Le style musical est également original et audacieux. Il se caractérise par une recherche musicale qui le distingue des autres vedettes de la chanson et qui sort des sentiers battus. Karim déclare clairement : « l’introduction des instruments tels que la guitare électrique, le synthétiseur et la batterie n’altère nullement notre musique qui, je le répète encore une fois, s’inspire de notre fond musicale. Ce ne sont là que des instruments dont on se sert pour exprimer notre sensibilité algérienne ».
Tout en étant fidèle à la fibre musicale de départ, Karim réussit le passage harmonieux qui va de « l’authentique : Zendali, Heddi, Raï à l’universalité : Funk, Rock, Rap avec un esthétisme hors du commun ». Karim, cet artiste discret et rêveur s’impose une rigueur dans son art, refuse la facilité et la tromperie. En effet, il confirme dans un entretien : « Nous essayons de rester fidèles à notre choix, qui est de faire de l’art pour l’art. Sans être soumis aux pressions du milieu, qui veut du produit de consommation, toujours plus vite, selon la capacité d’absorption. On oublie que le musique est un message qui s’adresse au corps sensible. Elle doit le faire vibrer.
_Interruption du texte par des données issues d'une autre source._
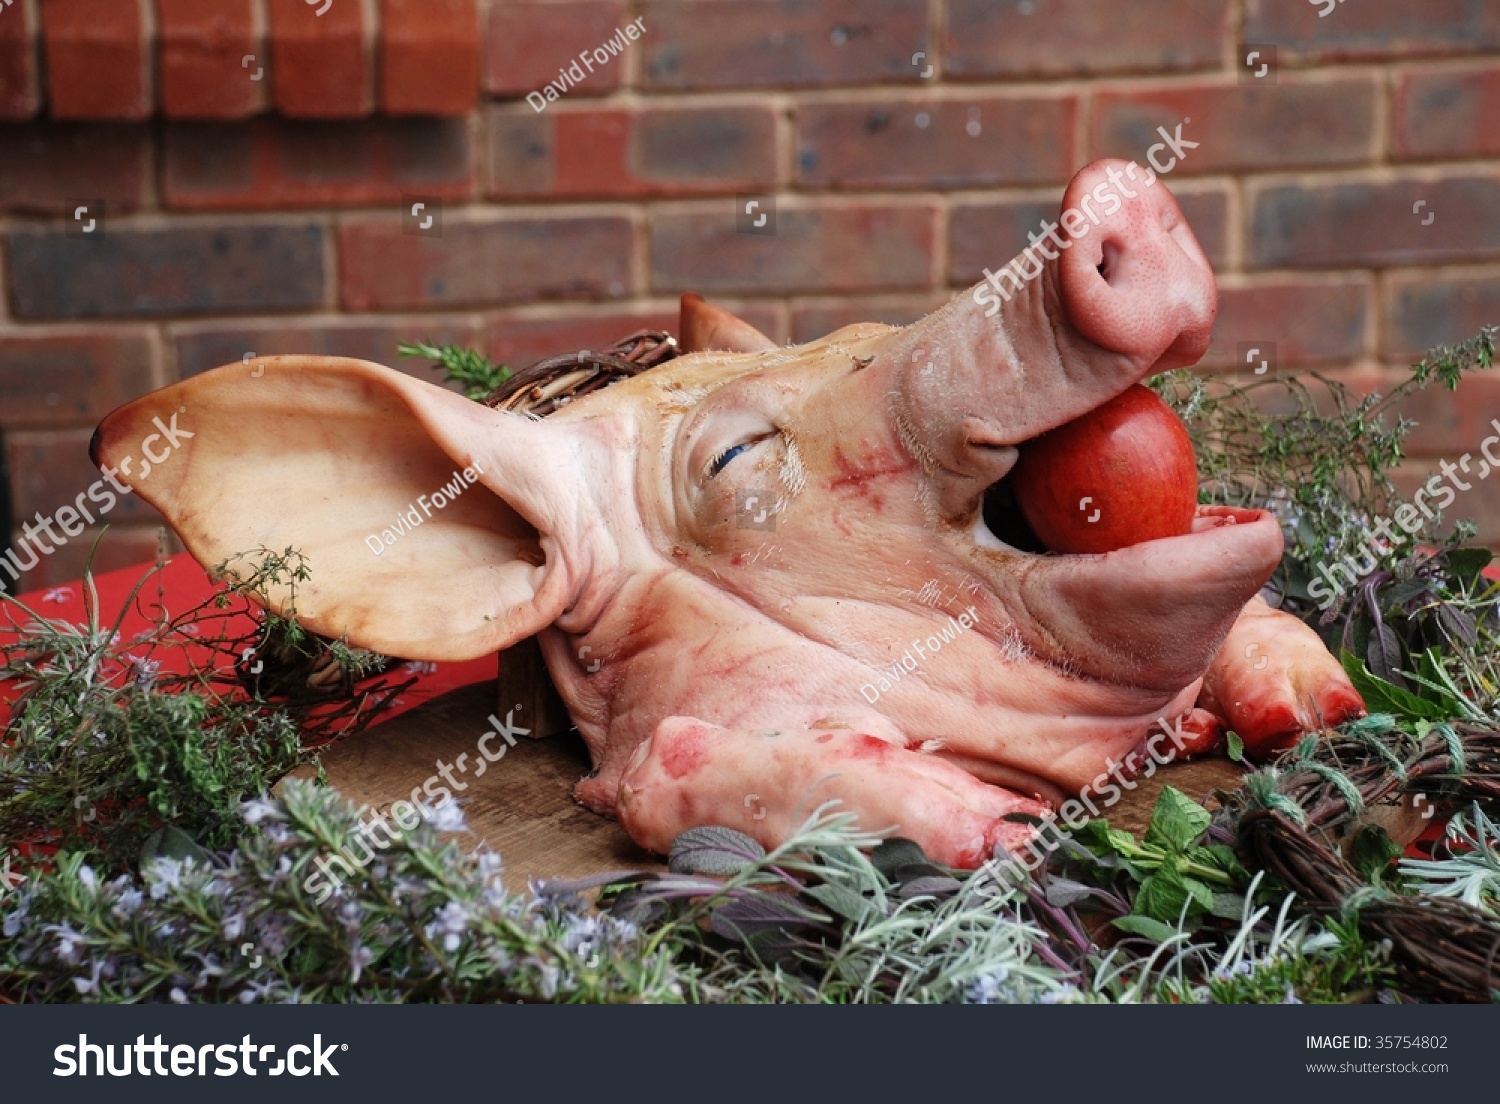 stock-photo-a-pigs-head-with-an-apple-in-its-mouth-at-a-medieval-style-banquet-35754802.jpg

La liberté de création est une énergie qui s’use si l’on ne sert pas ! ».
Au cours des années soixante, la chanson Kabyle, se contentait de ressasser les mêmes thèmes sur fond d’orchestration imprégnées d’un orientalisme peu en rapport avec les lignes mélodiques originales.[…]. En 1967, deux immigrés, férus à la fois, de la tendance ambiante, incarnée par la vague des rockers aux noms américanisés et de musique du terroir, se rencontrent, se découvrent pas mal de goûts communs et créent un groupe renforcé par deux autres musiciens, Samir et Mehdi. Le chanteur guitariste Karim, de ses noms et prénom SID Mohand Tahar, né un 20 février à Tifilkout (Illilten), et l’organiste Shamy Elbaz, CHEMINI Abdelkader, pour l’état civil, né un 26 octobre à Tilatiouine (Bejaia), sont les fondateurs des ABRANIS. Le nom de guerre est puisé dans l’histoire et renvoie à la souche des BRANES, évoqué par l’historien sociologue Ibn Khaldoun dans ses « Prolégomènes ».
En fin de ces années soixante, les Abranis, auxquels se joindront le batteur Arezki BARROUDI, et le bassiste Hachemi BELLALI, étaient trop en avance sur le temps : le public Kabyle n’était pas prêt à écouter les instruments électriques, rompant avec la tradition, même s’il se délecte des guitar-heroes de Woodstock et Wight. La formation et ses membres portant cheveux longs et patte d’Eph déroute au début. Il a fallu attendre un contexte plus favorable, celui de l’esprit 70, lorsque la chanson Kabyle a commencé à imposer sa loi moderniste sur le marché maghrébin et international.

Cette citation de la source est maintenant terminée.